Não acho que tenha sido a primeira arte brasileira, a arte brasileira tem sido feita há muitos anos, há muitas décadas. José de Alencar é arte brasileira, o Modernismo é arte brasileira.
Mas com influência europeia...
É, e continua tendo. O Cinema Novo, por exemplo, teve influência do 'Cahiers du Cinema'. O Tropicalismo teve influência americana, do rock, europeia, via  Beatles. O próprio Modernismo que foi uma coisa bem brasileira teve influência europeia, do Futurismo. Em primeiro lugar o Tropicalismo foi um movimento de superação da condição de colonização, de ser de terceiro mundo e de fazer arte de qualidade inferior. Isso era o que todo mundo queria. Porque Villa-Lobos era um compositor reconhecido internacionalmente, Oscar Niemeyer era um arquiteto reconhecido internacionalmente. Portinari também, agora não se fala mais tanto, mas na época era considerado de categoria internacional. Todo mundo queria fazer isso, a Vera Cruz queria, a Bossa Nova quis tanto que se lançou num show no Carnegie Hall, em Nova Iorque, para dizer que era terceiro mundo. Isso foi um primeiro momento. Depois, foi a coisa da arte interferir na vida social, de ter uma dimensão política, no caso do Cinema Novo, etc. E teve depois uma interferência no comportamento das pessoas, como no caso do teatro do Zé Celso, no caso do Tropicalismo. O Tropicalismo tem essa coisa de querer captar o Brasil mas também essa tendência contemporânea na época de revolução no comportamento, que acompanhou a contracultura e o rock. Então, primeiro tinha a coisa de ir para o primeiro mundo, depois tinha a coisa política, e , finalmente, essa coisa de modernidade, de atualização, de estar na vanguarda, de não fazer uma arte atrasada em relação ao que estava sendo feito na vanguarda internacional.

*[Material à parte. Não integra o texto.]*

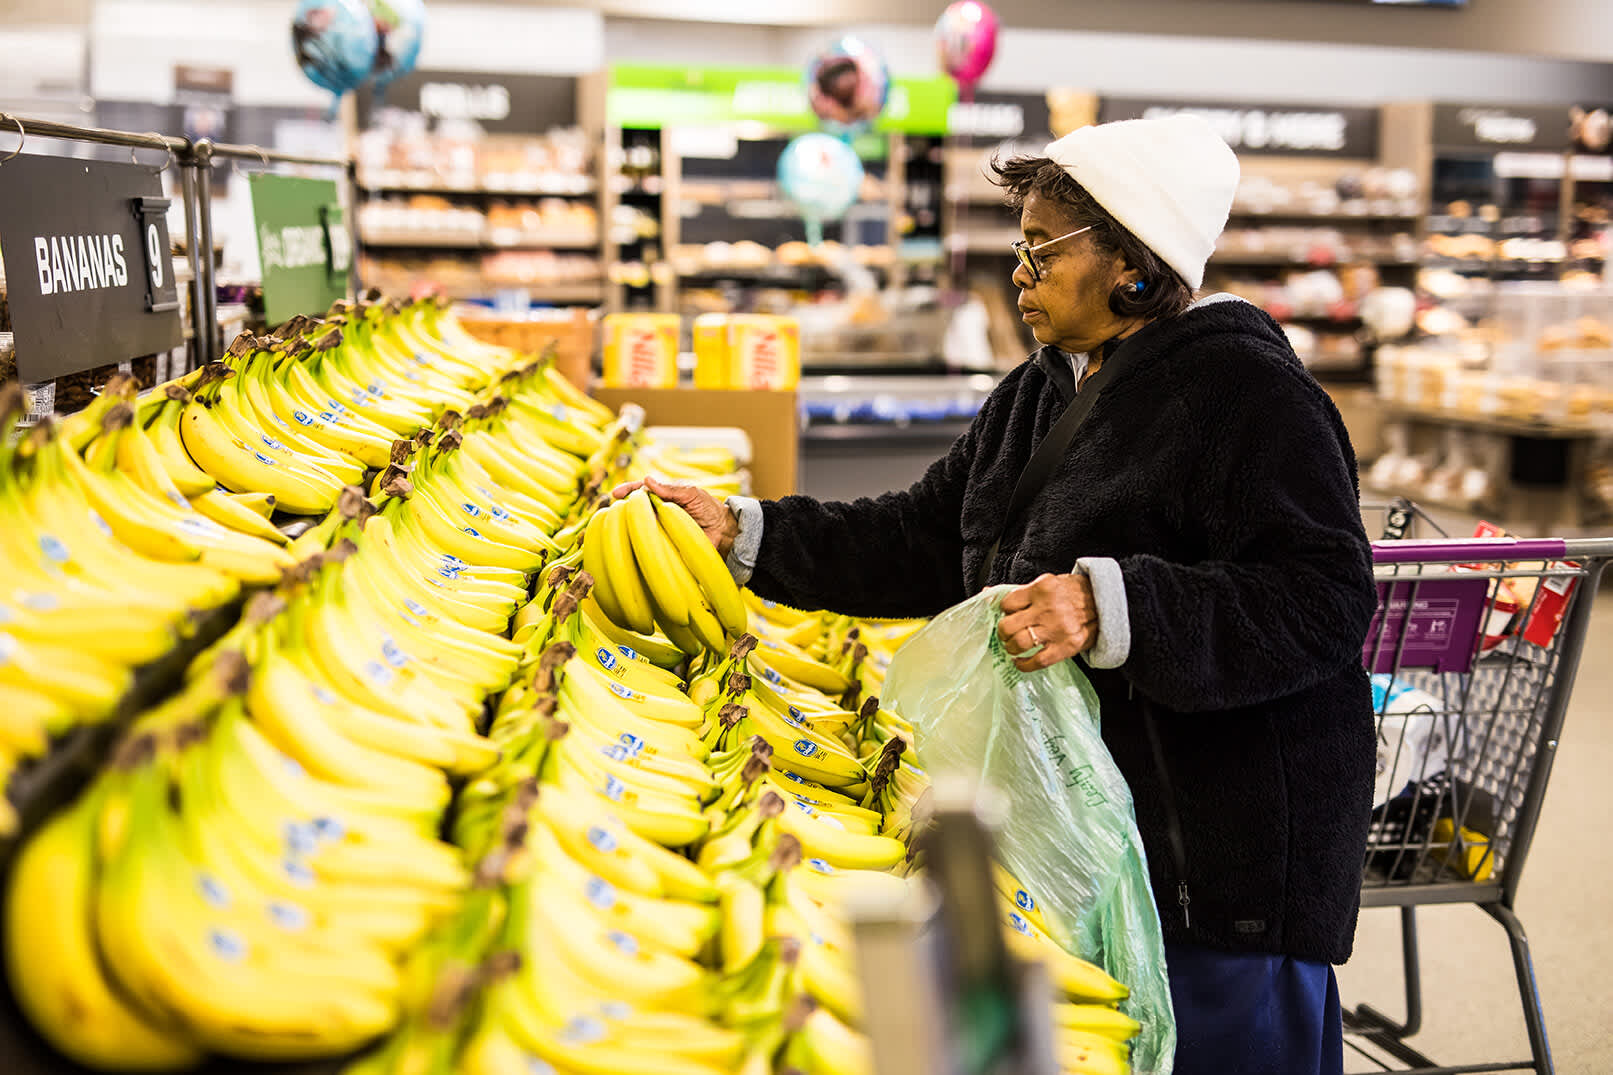 Florestine Jones at Ward 8’s only grocery store, Giant Food

Muitos ideais dos anos 60/70 se perderam hoje. O que você pôde ver que se concretizou? Alguma coisa ficou?
Aquilo não era uma coisa para ficar, era uma coisa para transformar. Transformações aconteceram. Mas elas não foram na extensão, na profundidade, da natureza que se queria. Você não pode cancelar a experiência histórica. Ela é modificadora e vai sempre se modificar. Então, dos movimentos artísticos e culturais dos anos 60, você tem consequências, você tem efeitos. As coisas não seriam hoje da maneira como são se eles não tivessem existido. As coisas foram também moldadas pelo que eles fizeram. O que não quer dizer que seja como eles queriam que fosse hoje. Tudo aquilo teve um resultado real e não um resultado ideal que estava na nossa cabeça."